Exercise prompt —
All of the data below should be printed again word for word, pictures excluded.

Given data —
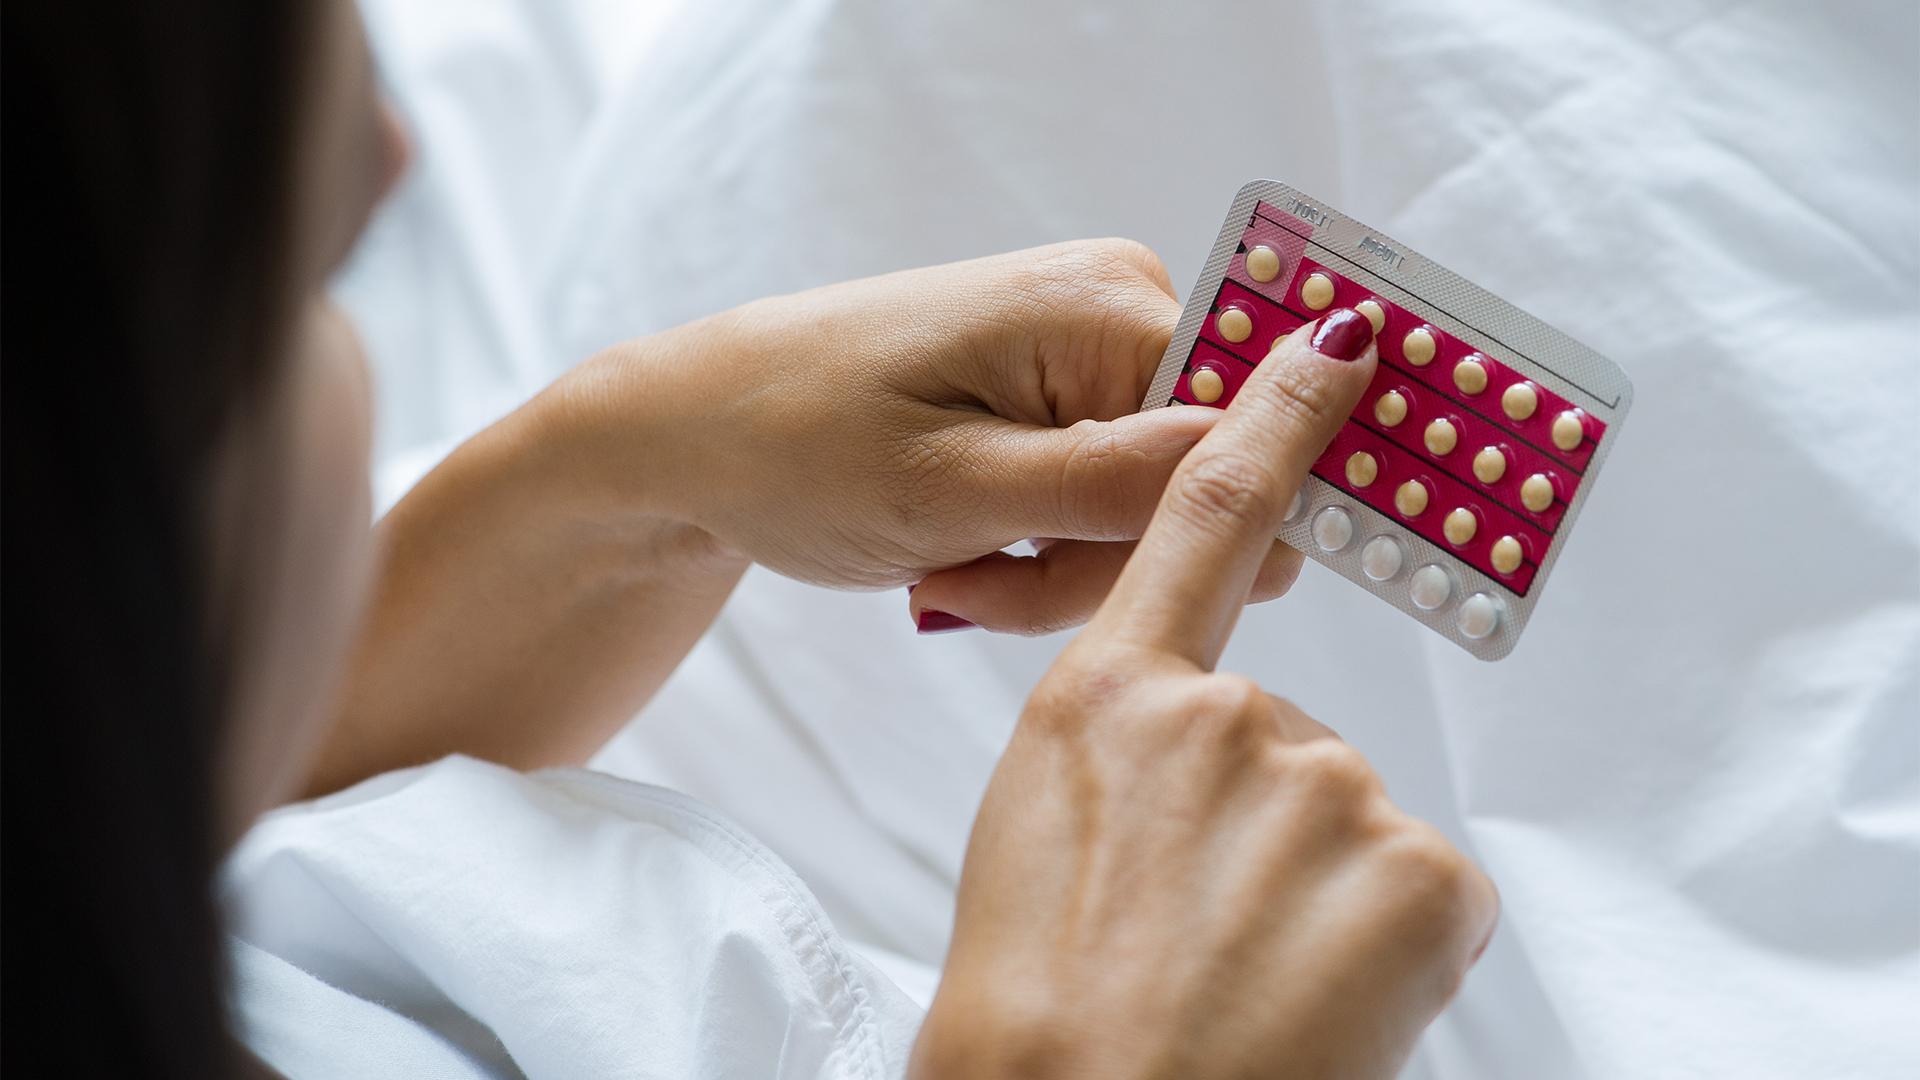 25 éves korig ingyenessé teszik a fogamzásgátlót Franciaországban
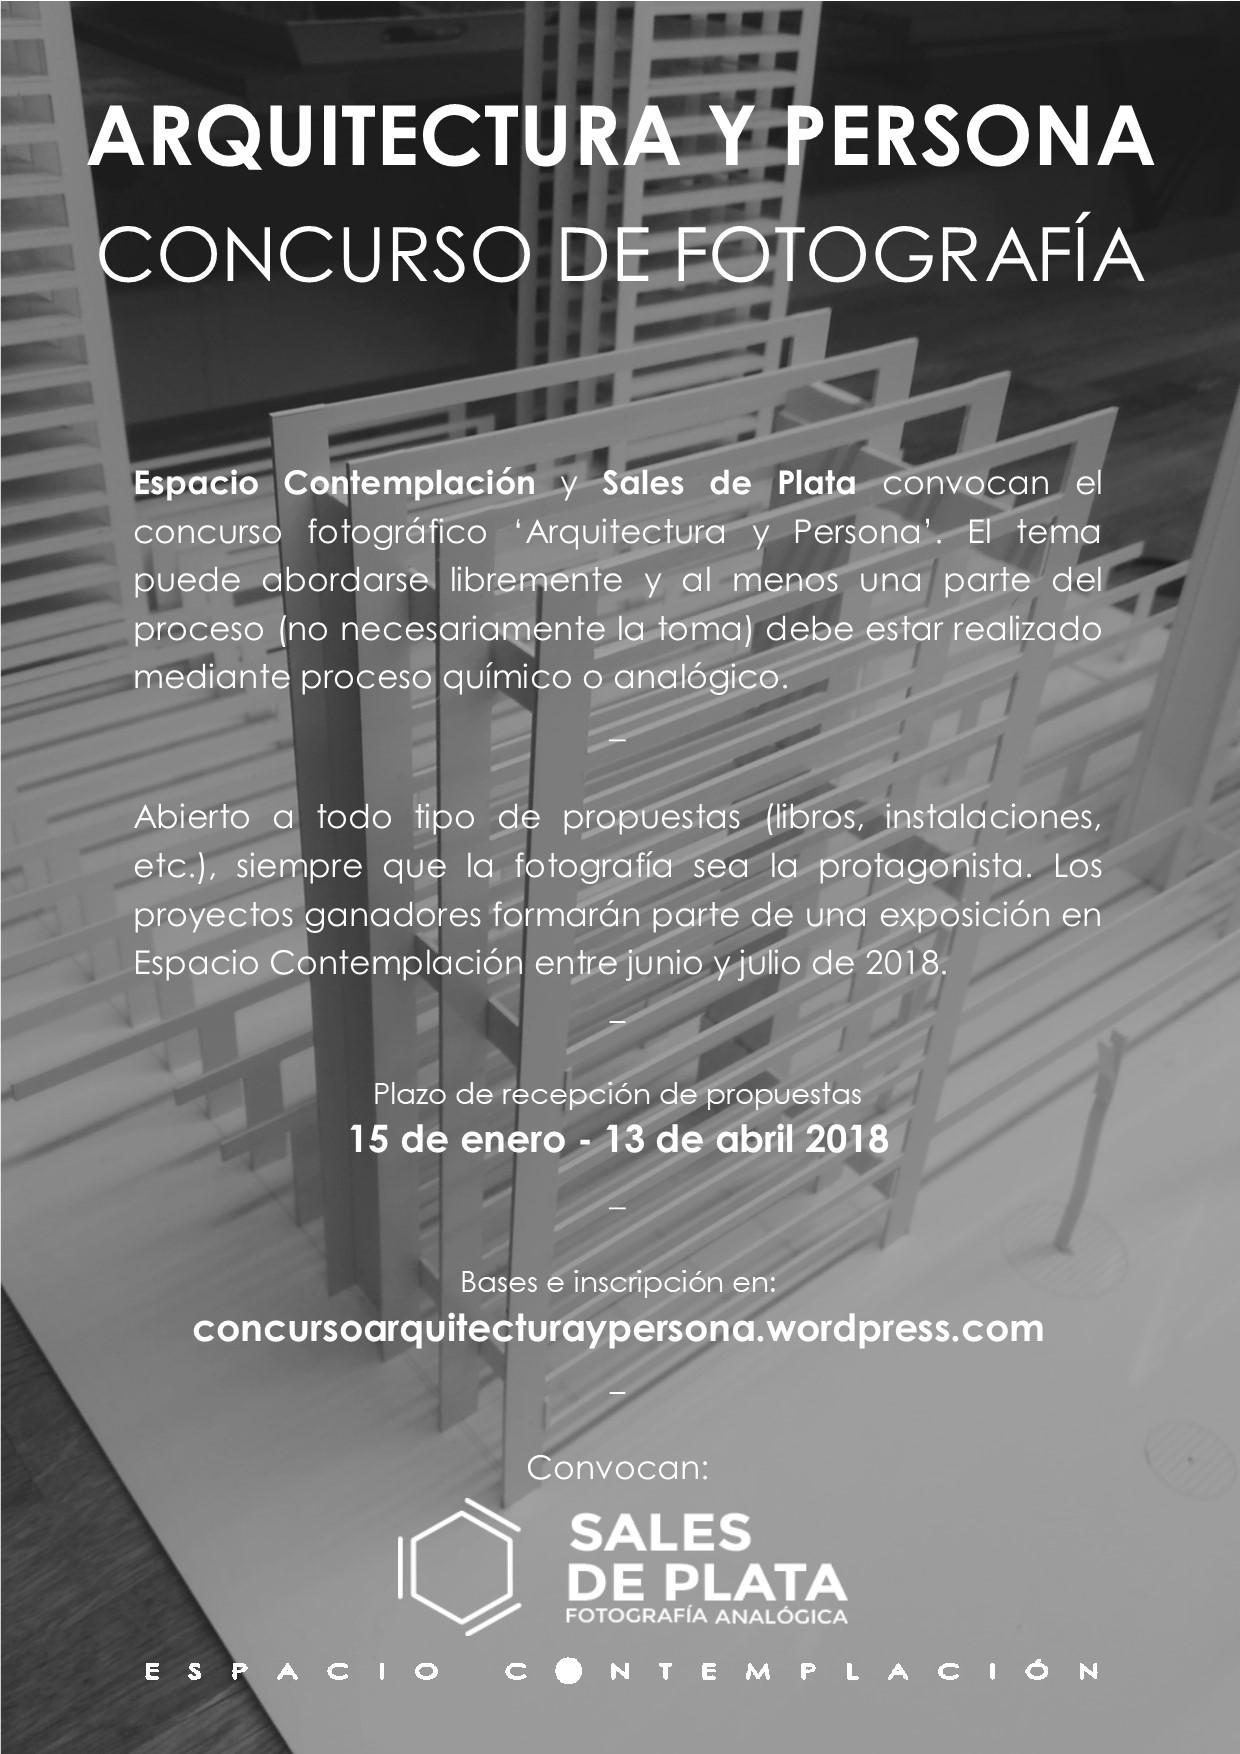 """Concurso de fotografía """"Arquitectura y persona"""""""
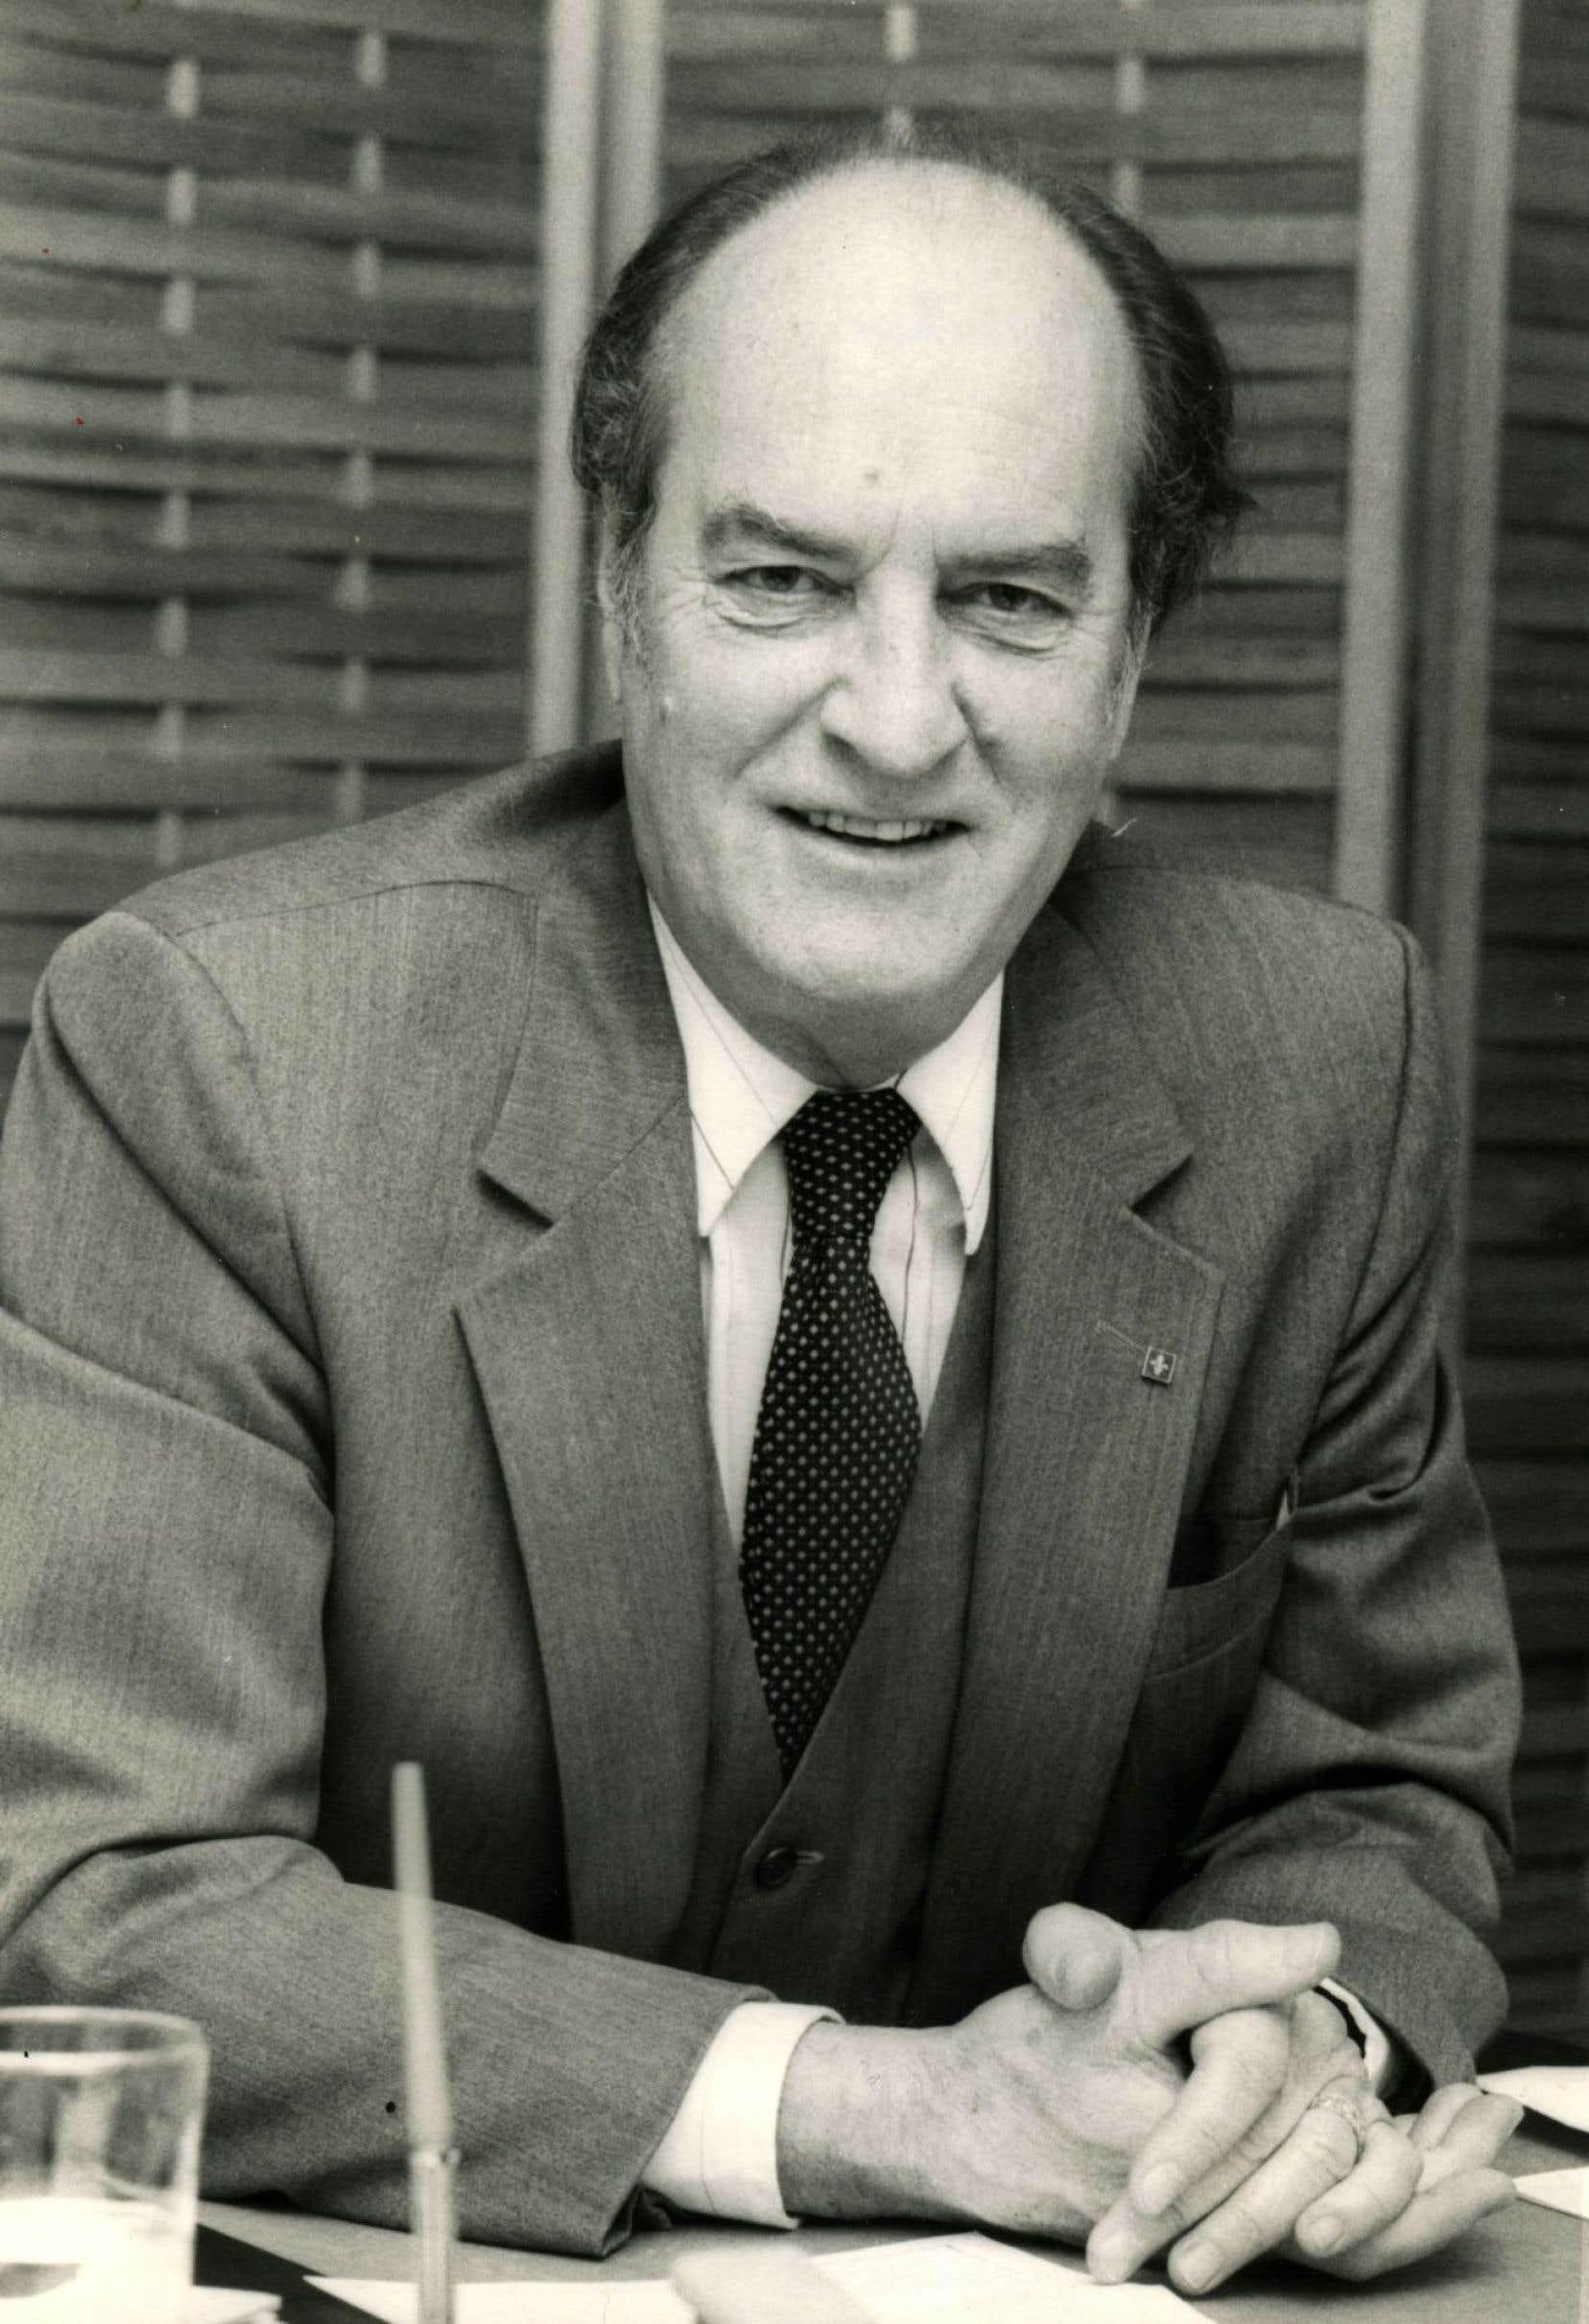 Journaliste, écrivain, député du Parti québécois et premier député du Parti indépendantiste, Pierre de Bellefeuille était un homme de conviction et de culture.

Answer box —
 25 éves korig ingyenessé teszik a fogamzásgátlót Franciaországban
 """Concurso de fotografía """"Arquitectura y persona"""""""
 Journaliste, écrivain, député du Parti québécois et premier député du Parti indépendantiste, Pierre de Bellefeuille était un homme de conviction et de culture.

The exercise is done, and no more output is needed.